Securities and Exchange Commission
November 10, 2005
Page 4

Management's Discussion and Analysis of Financial Condition and Results of
Operations, page 133

Liquidity and Capital Resources, page 138.

7.       We note your response to prior comment 46, however, please see prior
         comment 48 and quantify your long-term cash requirements. Also,
         quantify the expected amount of cash required to service the debt.
         Disclosure regarding the proposed funding may be made without violating
         the federal securities laws (See e.g. Rule 135c).

         WE HAVE REVISED THE REGISTRATION STATEMENT TO QUANTIFY OUR LONG-TERM
         CASH REQUIREMENTS AND THE EXPECTED AMOUNT OF CASH REQUIRED TO SERVICE
         THE DEBT. IN ADDITION, WE HAVE REVISED THE REGISTRATION STATEMENT TO
         DISCLOSE THAT THE OTHER FINANCING ALTERNATIVE THAT TCM IS CURRENTLY
         CONSIDERING IS A PRIVATE PLACEMENT OF NOTES TO QUALIFIED INSTITUTIONAL
         BUYERS PURSUANT TO RULE 144A OF THE SECURITIES ACT.

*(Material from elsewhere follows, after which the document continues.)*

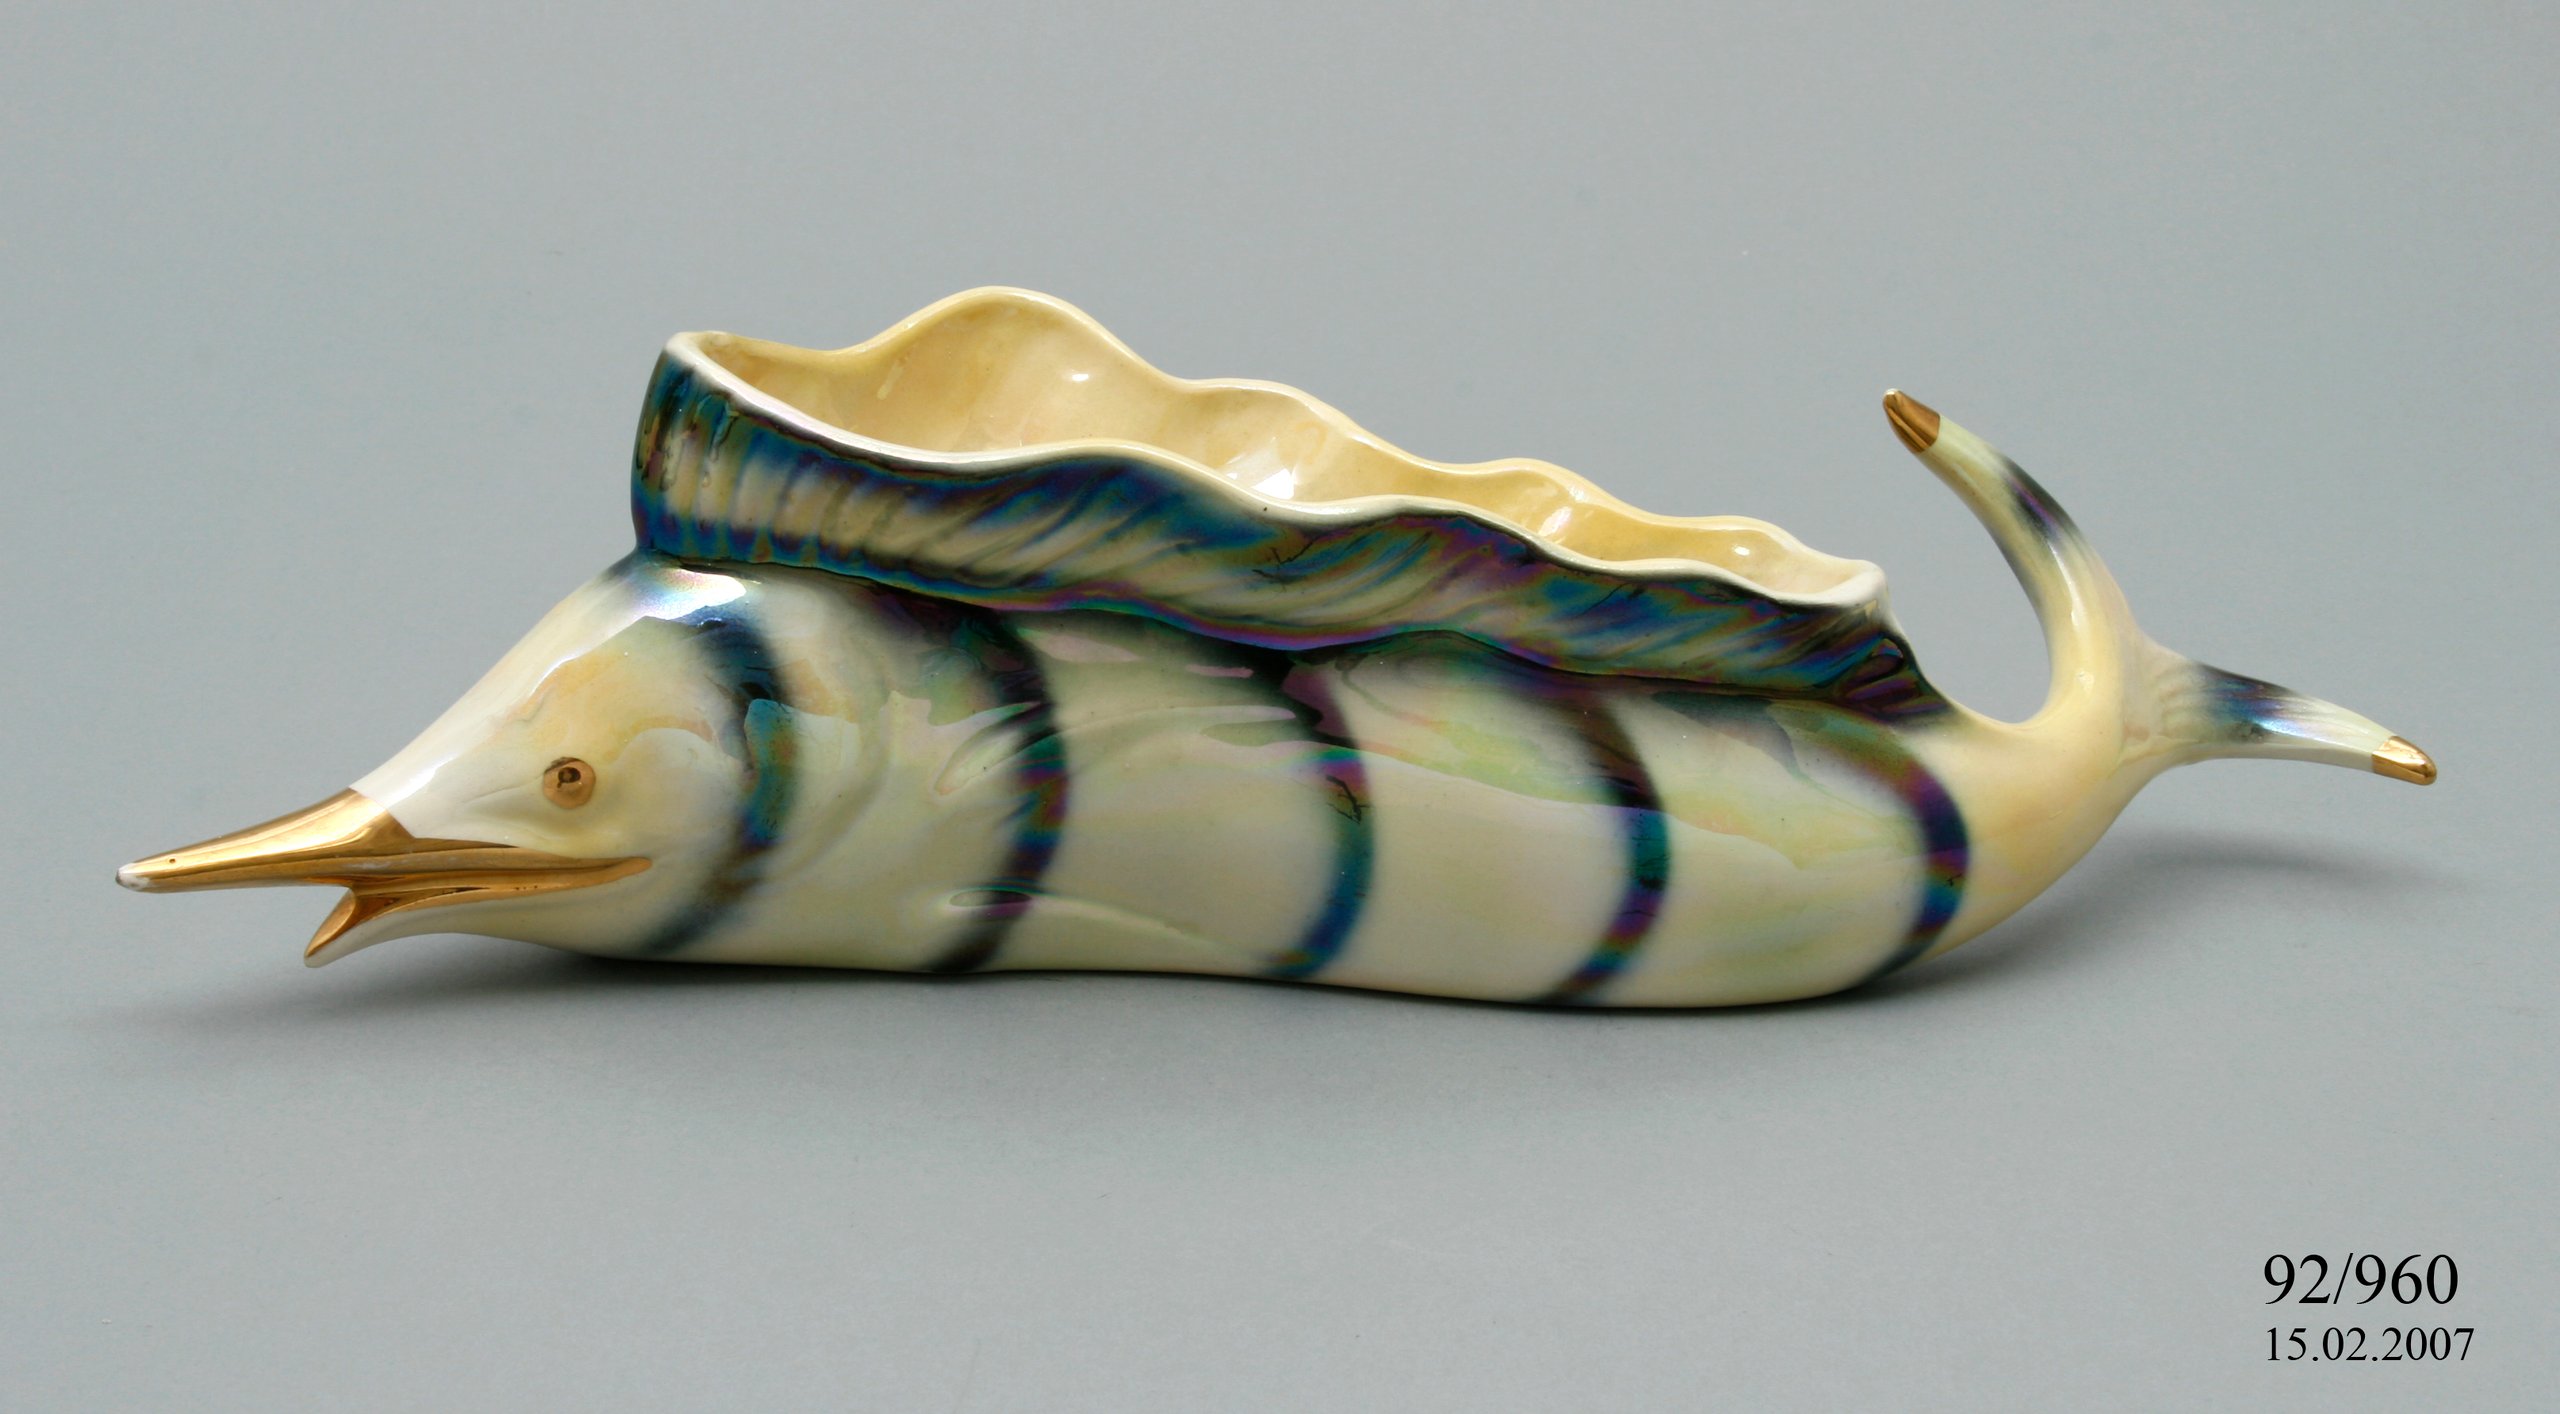 A Pates Potteries slip-cast vase in the shape of a swordfish.

Bull Run's Business, page 169

8.       We note your response to prior comment 54. Quantify the guaranteed
         rights fees that you pay so that investors can better assess the
         economics of these agreements.

         WE HAVE REVISED THE REGISTRATION STATEMENT TO QUANTIFY THE GUARANTEED
         RIGHTS FEES THAT BULL RUN CORPORATION PAID DURING THE YEAR ENDED AUGUST
         31, 2005.

Annexes

9.       We note your response to prior comment 58. We also note that the merger
         agreement refers to various schedules. Accordingly, it appears that you
         must comply with the requirements of Item 601(b)(2). Alternatively,
         please furnish to us the schedules for our review.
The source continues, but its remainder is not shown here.